L’histoire que je veux raconter ici concerne plutôt les archives qui permettent d’appréhender la réalité clandestine de l’avortement. Il s’agit en fait du récit de ma rencontre avec un fonds d’archives en particulier : celui du Comité de lutte pour l’avortement libre et gratuit (CLALG). Le CLALG est un organisme populaire montréalais, d’abord affilié au Centre des Femmes, puis agissant de manière indépendante après la fermeture en 1973 de celui-ci. Il est reconnu pour avoir longtemps assuré un service de référence pour avortement. En 1978, les militantes du CLALG appelleront les autres groupes féministes à se rassembler et à unir leurs forces dans la lutte pour l’accès à l’avortement. Celles-ci fonderont alors la Coordination nationale pour l’avortement libre et gratuit (CNALG), en janvier 1978[2].

Bien que ce fonds soit somme toute assez succinct, il s’est révélé d’une richesse incroyable pour mes recherches. J’étais particulièrement nerveuse lors de ma première visite au centre de Bibliothèque et Archives nationales du Québec dans le Vieux-Montréal. Comme je m’intéresse à la clandestinité, ma plus grande crainte était que les archives demeurent muettes sur les activités illégales du Comité. De plus, le contenu de ce fonds d’archives s’annonçait très administratif et je trouvais la perspective d’éplucher des montagnes de procès-verbaux plutôt rébarbative. Je n’ai jamais été aussi heureuse et soulagée d’avoir tort! Les archives du Comité de lutte permettent de brosser un portrait des réseaux clandestins d’avortement au début des années 1970 et du rôle joué par l’organisation féministe dans ceux-ci. Deux aspects des réseaux clandestins découverts lors du dépouillement de ce fonds d’archives m’ont respectivement surprise et émue : la réalité transnationale de l’avortement et le côté profondément humain des archives féministes.

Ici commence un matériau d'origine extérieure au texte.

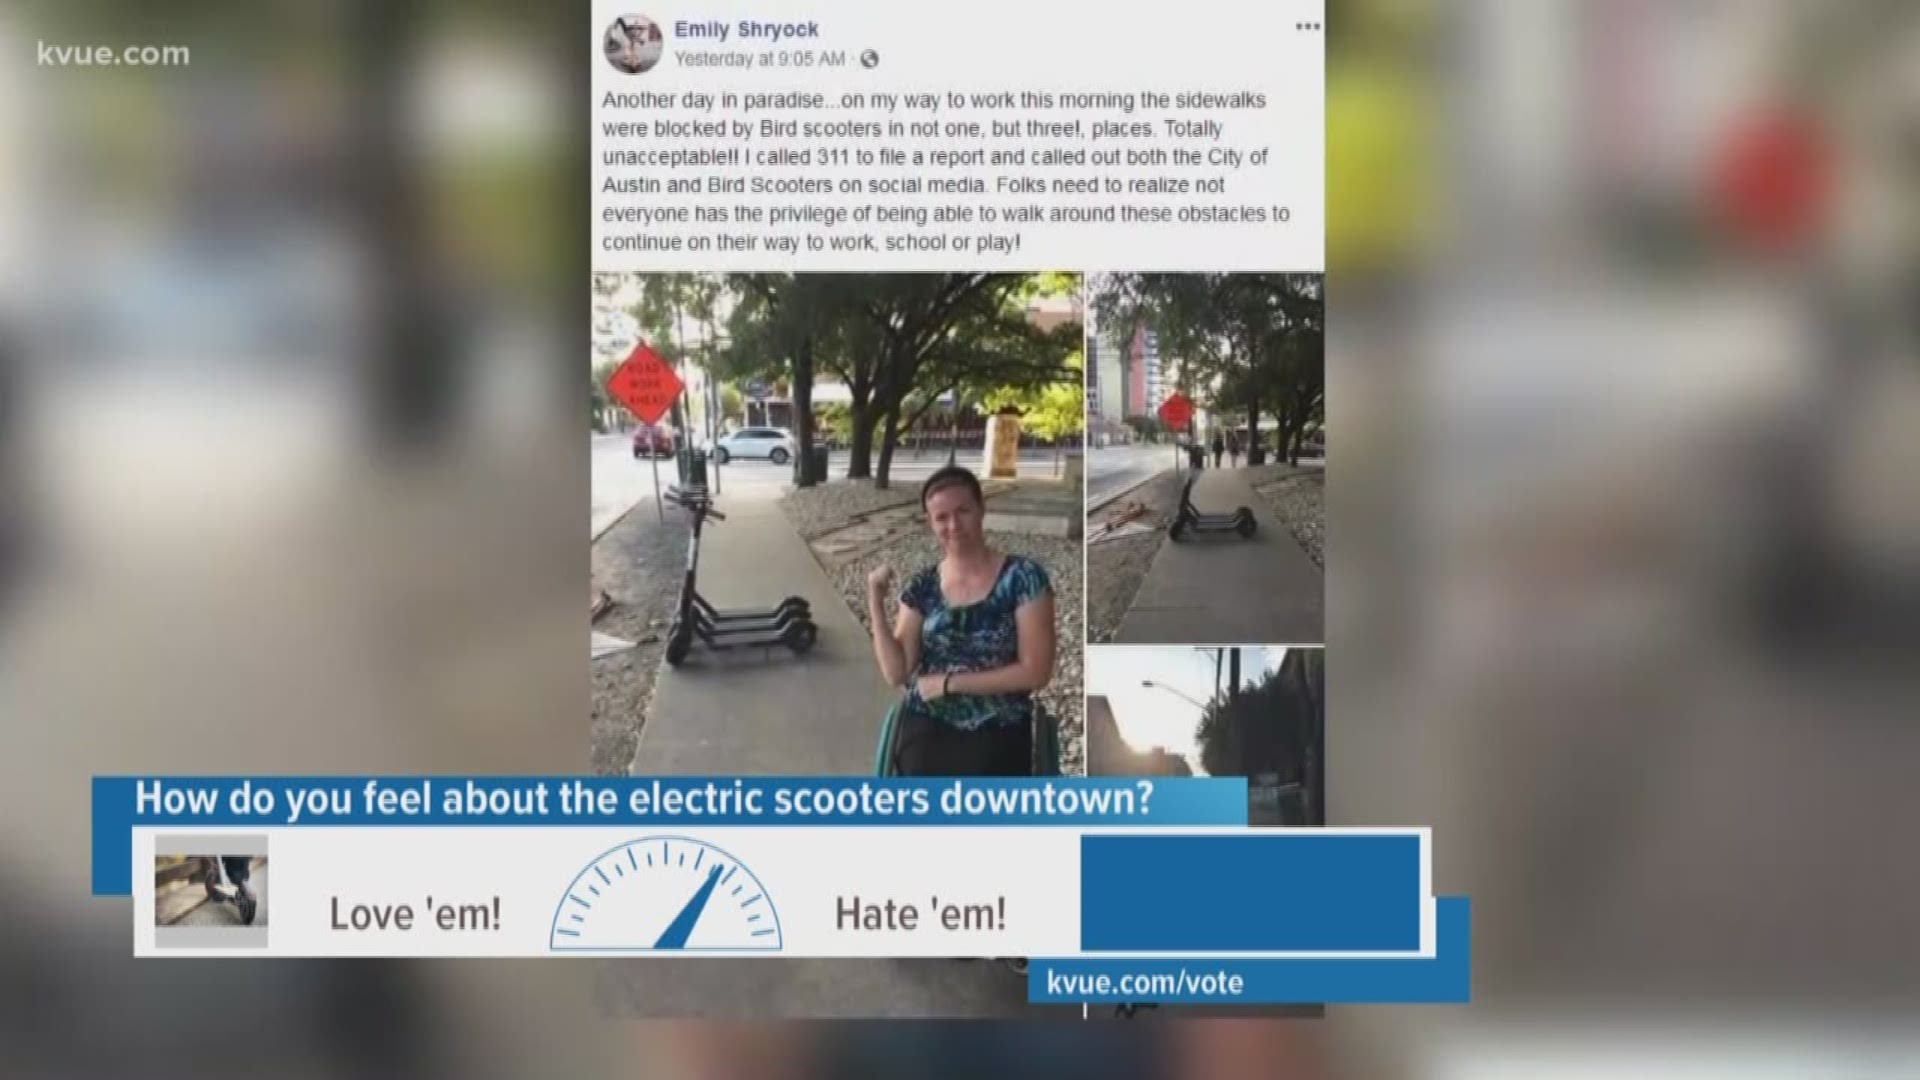 For some, electric scooters left downtown are causing a nuisance.

Des réseaux transnationaux d’avortement

Le Comité de lutte pour l’avortement libre et gratuit étant au cœur de l’organisation des réseaux clandestins, ses archives éclairent plusieurs aspects transnationaux des services de référence pour avortement. Les auteures qui se sont intéressées à la dimension transnationale des réseaux clandestins d’avortement ont bien montré comment les archives d’un groupe militant fortement ancré dans une réalité nationale peuvent révéler des dynamiques transnationales. C’est le cas des travaux de Leslie J. Reagan[3] portant notamment sur l’Association to Repeal Abortion Laws (ARAL) et de ceux de Beth Palmer[4] sur la Calgary Birth Control Association (CBCA). Si quelques auteures, Christabelle Sethna en tête, se sont intéressées aux voyages à des fins d’avortement[5], les réseaux d’avortement clandestins traversant la frontière entre le Québec et les États-Unis n’ont pratiquement pas été observés. Le dépouillement des archives du Comité de lutte offre plusieurs perspectives de recherche en ce sens.

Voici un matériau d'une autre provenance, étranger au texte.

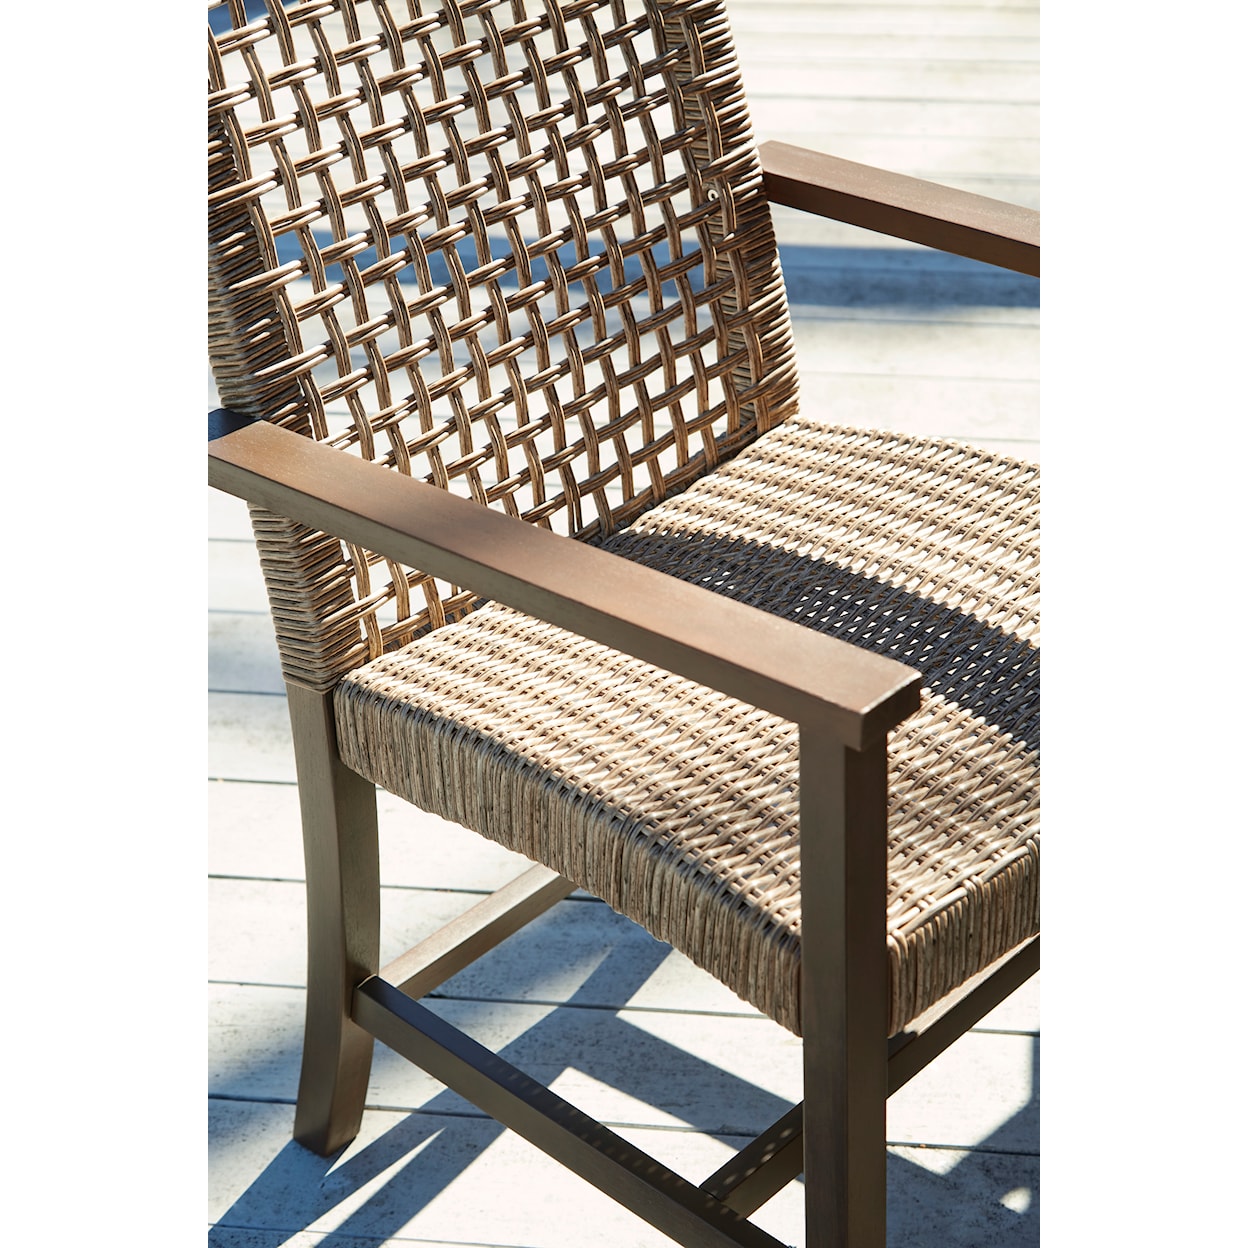 Signature Germalia Outdoor Dining Arm Chair (Set of 2)

Les archives du Comité de lutte pour l’avortement libre et gratuit montrent bien que le contexte québécois de répression des avortements clandestins a contraint les féministes à chercher de nouveaux collaborateurs au-delà des frontières. En effet, les arrestations au début des années 1970 du Dr. Morgentaler et d’autres médecins montréalais pratiquant des avortements illégalement ont remis en question le cadre strictement montréalais de la référence féministe pour avortement. Les rapports d’activités du service de référence du Comité sont éloquents sur les impacts de cette vague répressive, soit une diminution drastique du nombre de médecins acceptant de pratiquer des avortements dans leur clinique[6] et, conséquemment, une augmentation des coûts des avortements pratiqués à Montréal (jusqu’à 400$, comparativement à un maximum de 110$ aux États-Unis[7]). Ainsi, le développement transnational de ces réseaux clandestins est conditionné par le contexte québécois, particulièrement réfractaire aux avortements sur demande.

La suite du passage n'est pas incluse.